- _Task directions_
Would you print out all of the data exactly and keep the pictures out of it?

- _Raw data_
--------------------------------------------------
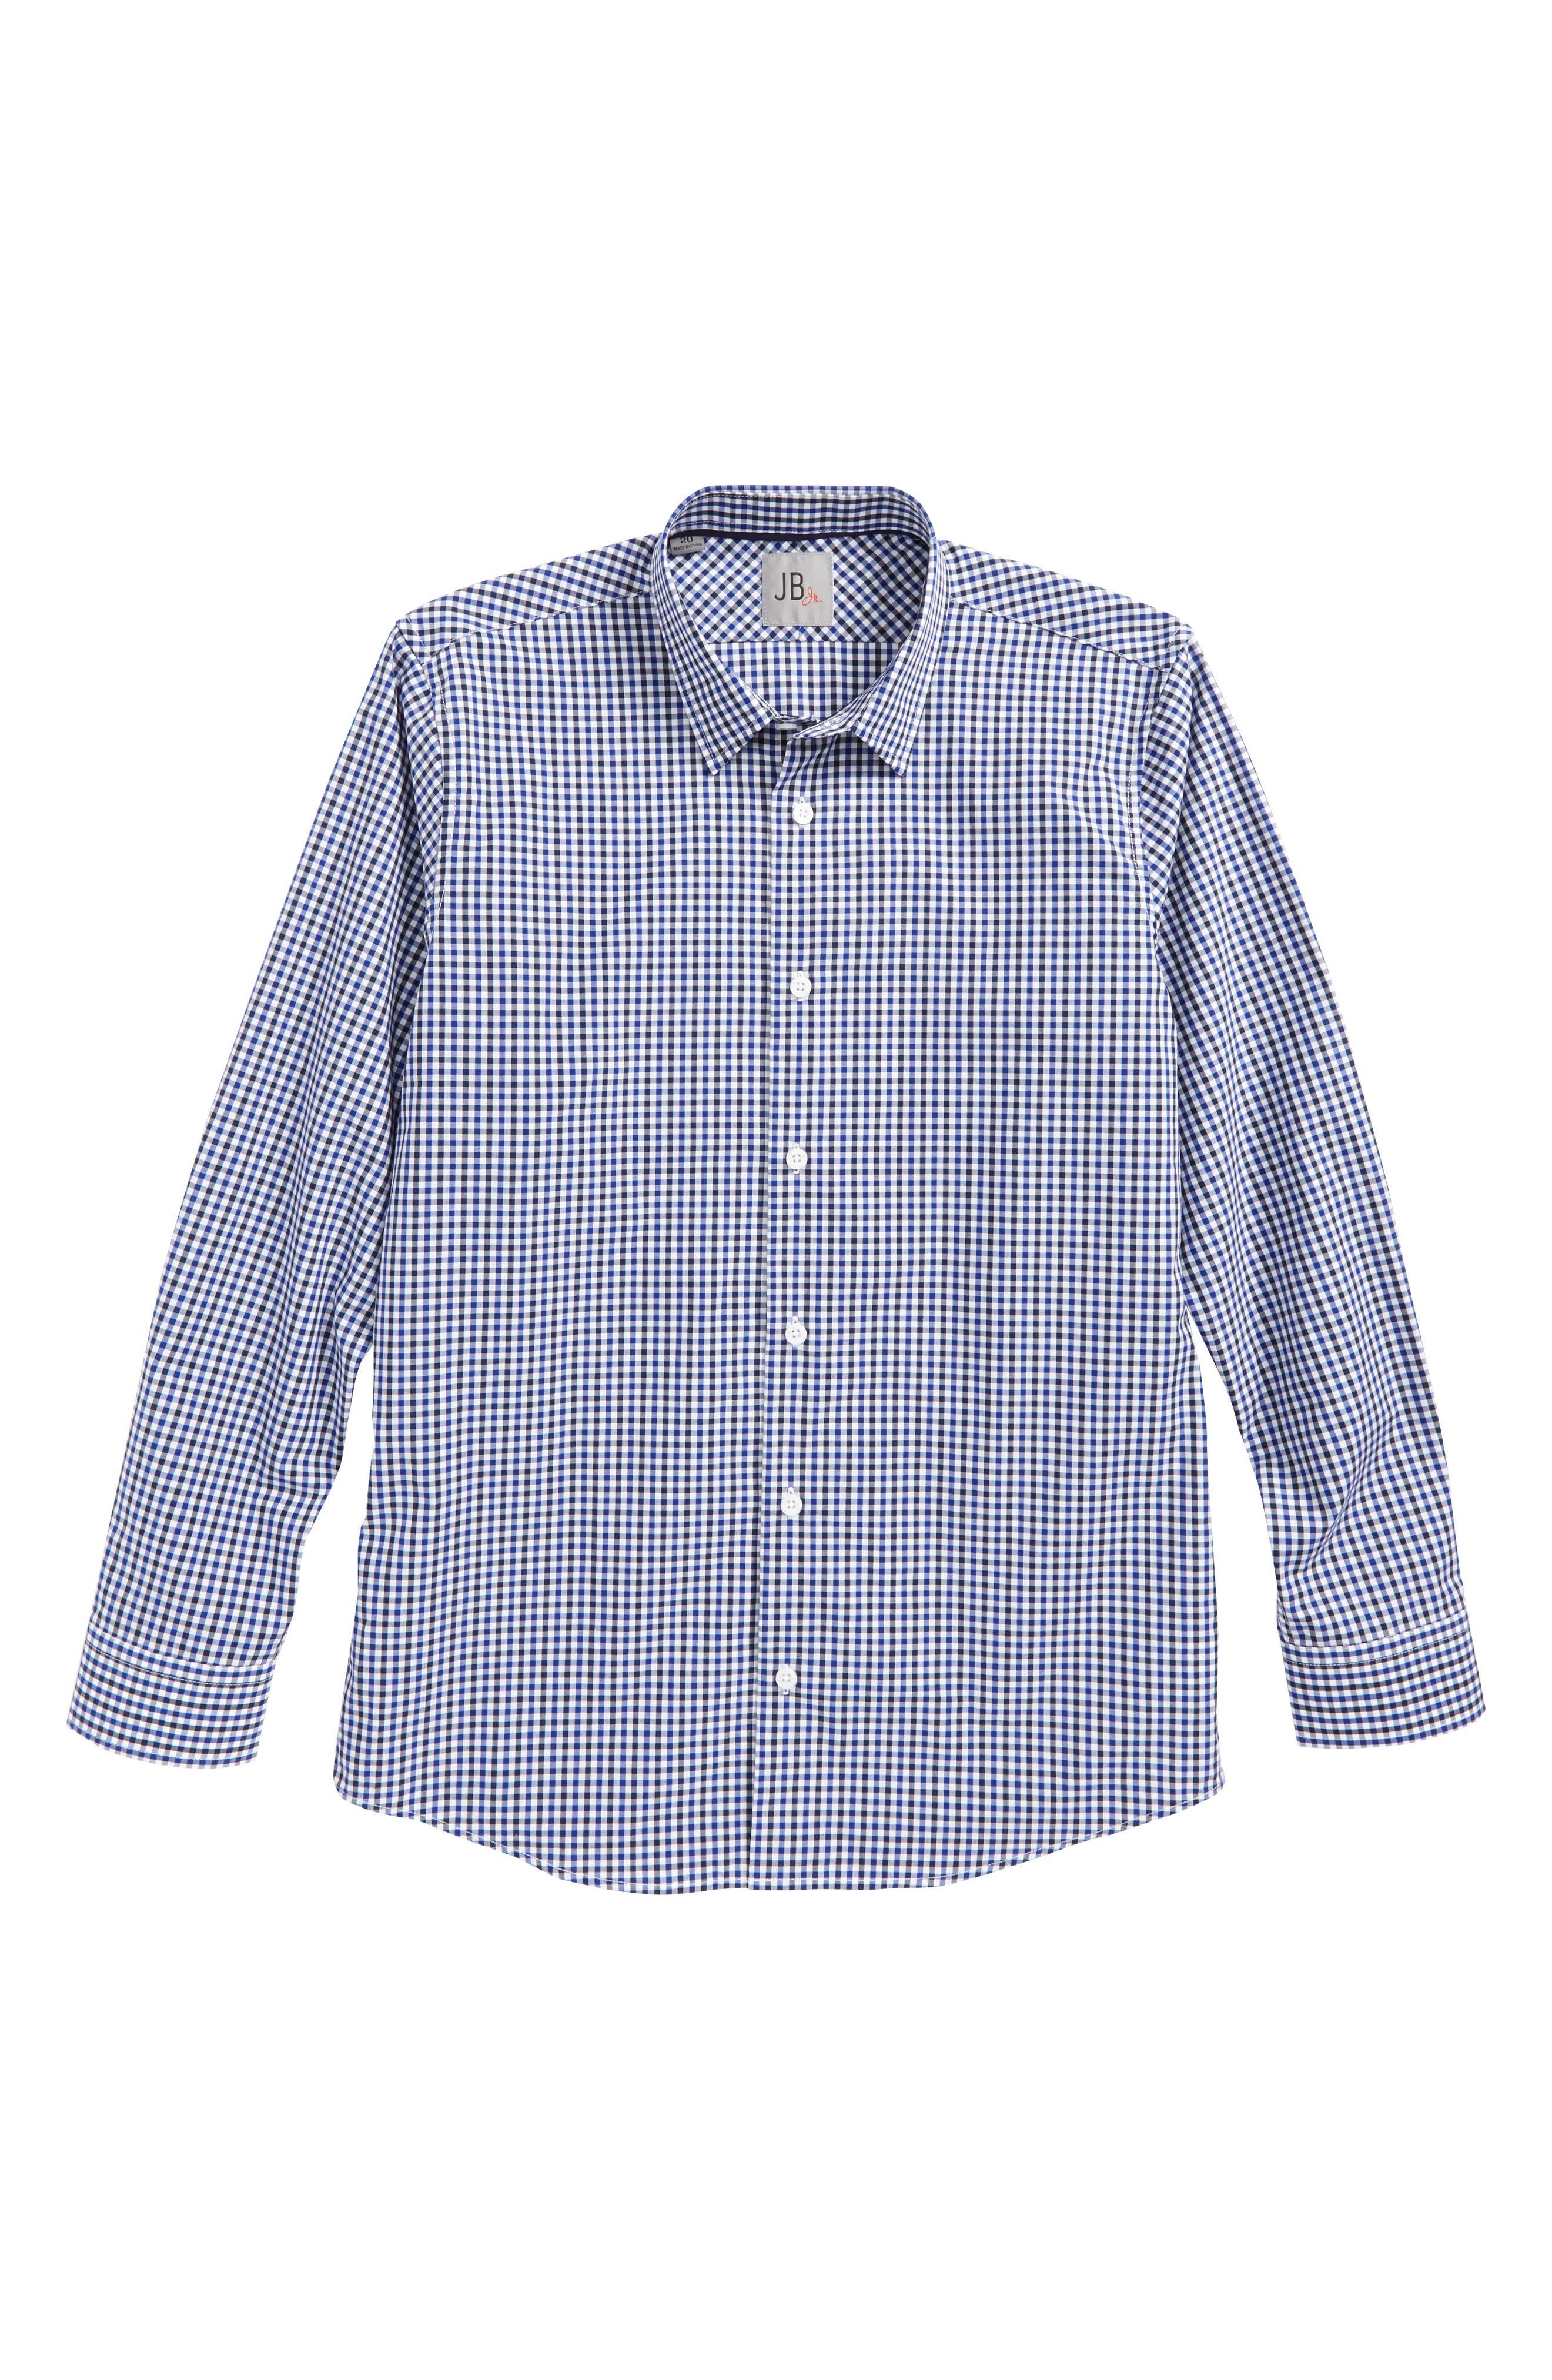 JB JR Neat Check Dress Shirt (Big Boys)
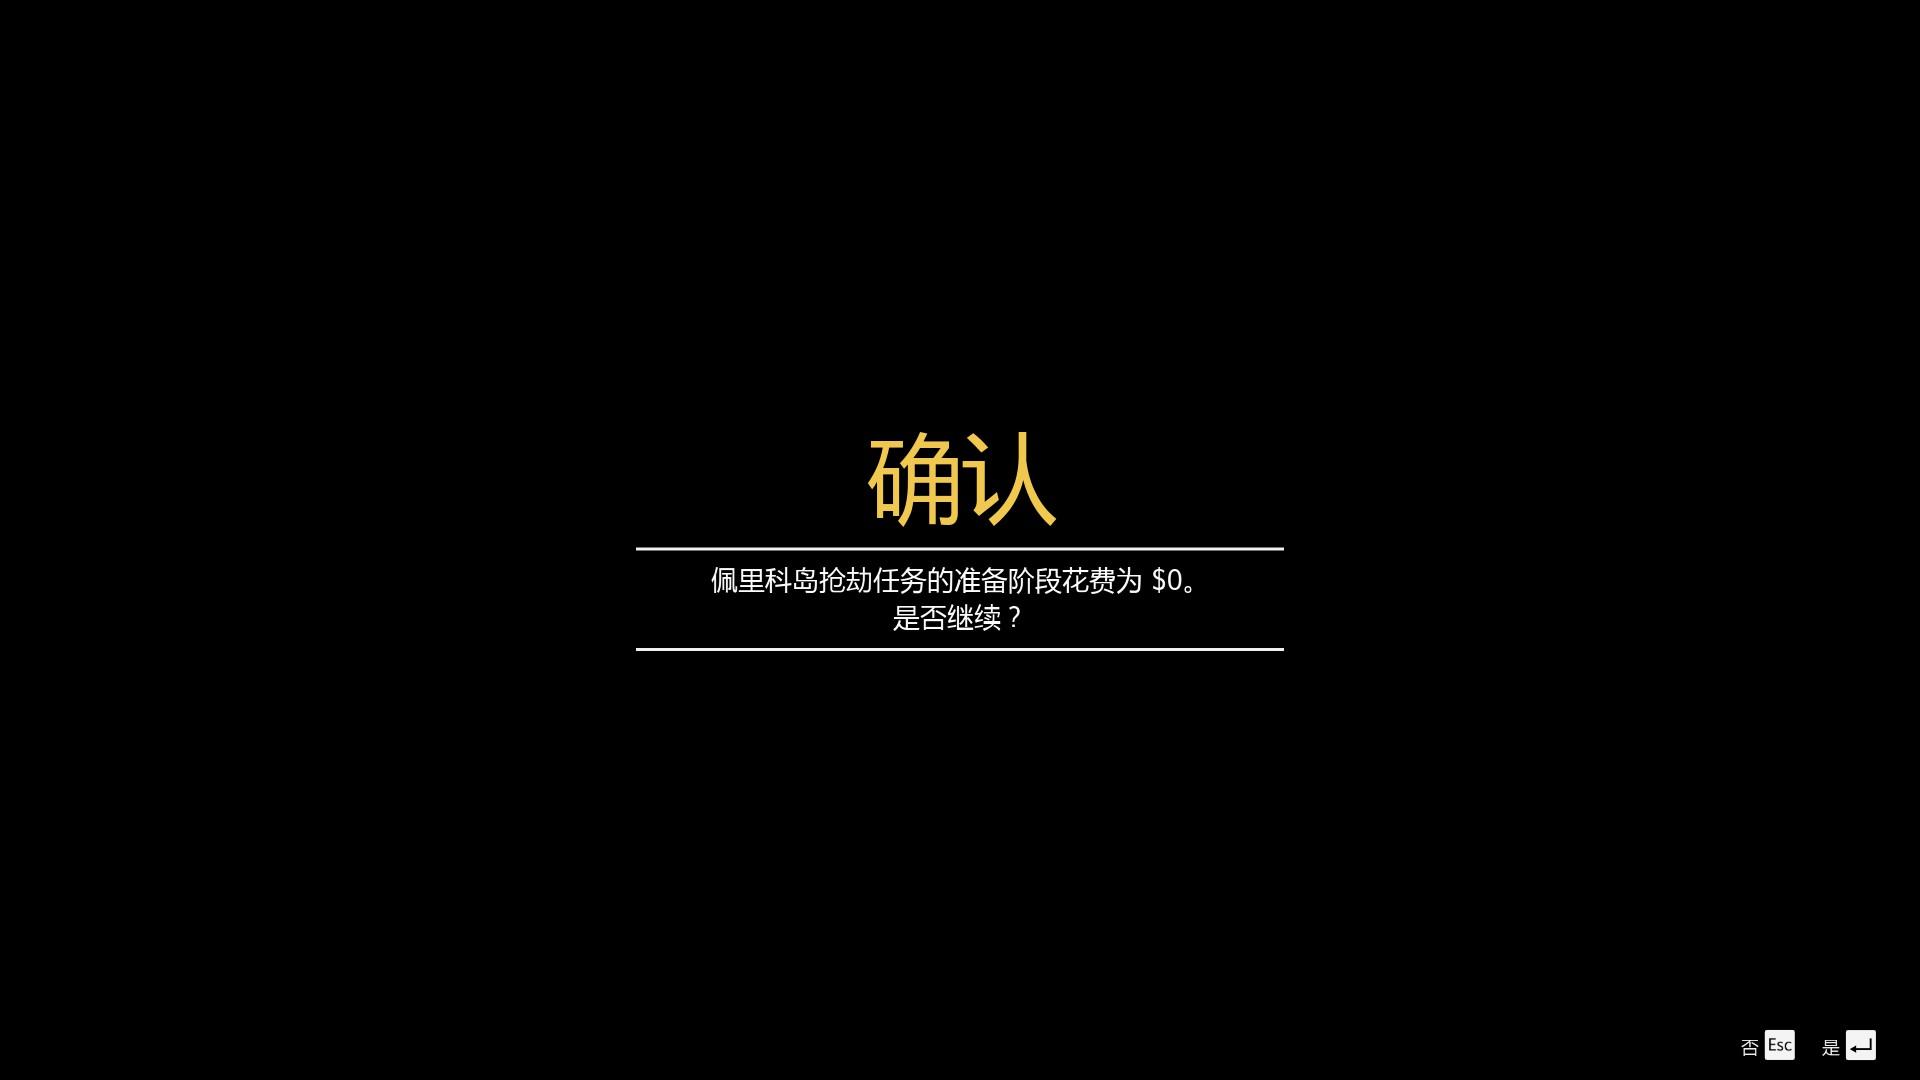 《洛城周报:小佩岛藏大机缘,新列兵赢旧情结》插图1
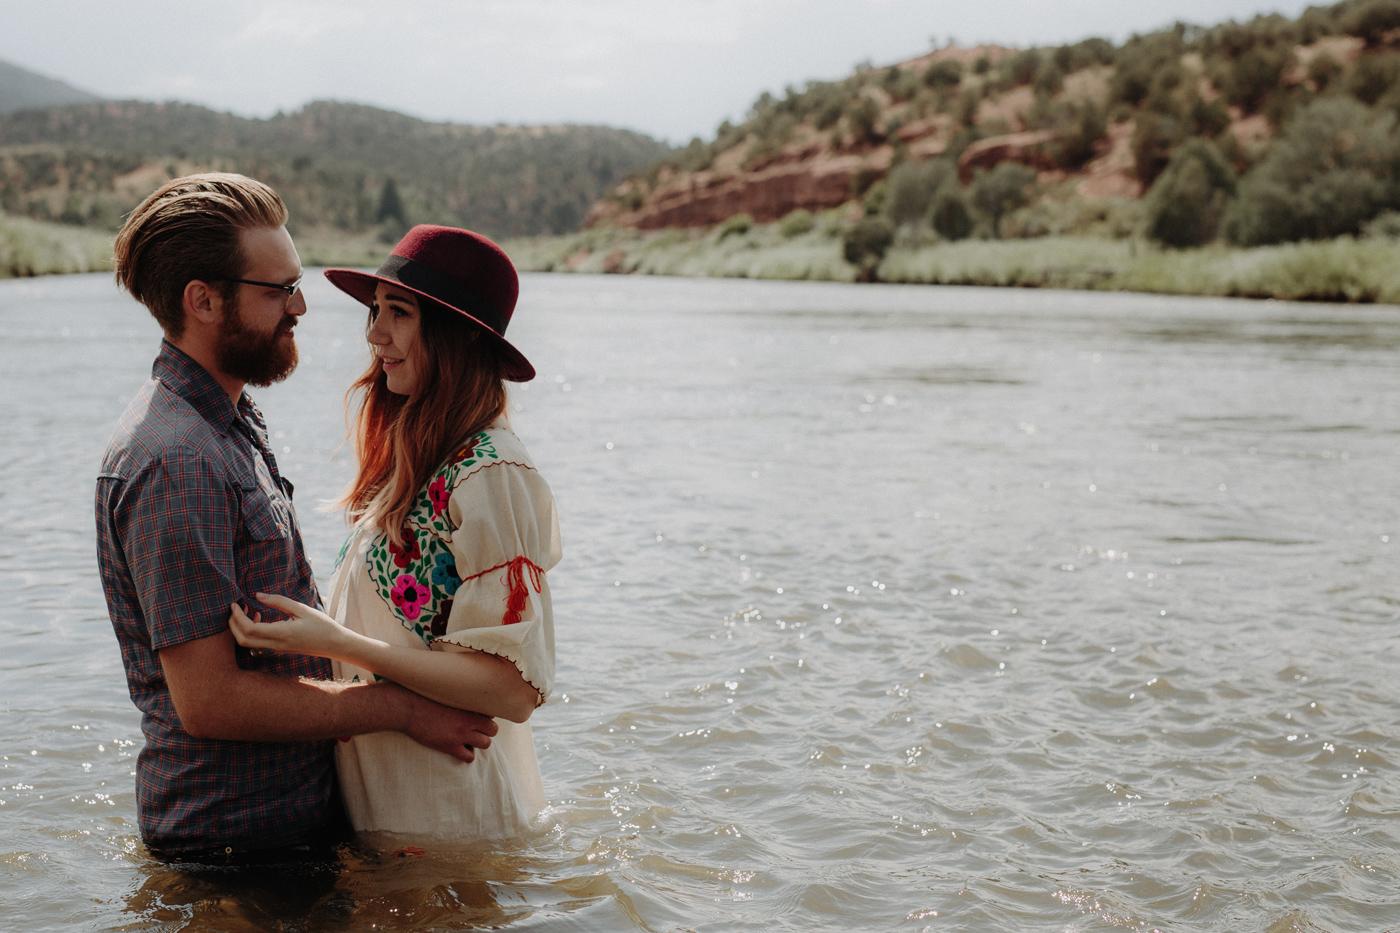 046-jones-max-colorado-ranch-engagement-photos.jpg
--------------------------------------------------
- _Expected output_
 JB JR Neat Check Dress Shirt (Big Boys)
 《洛城周报:小佩岛藏大机缘,新列兵赢旧情结》插图1
 046-jones-max-colorado-ranch-engagement-photos.jpg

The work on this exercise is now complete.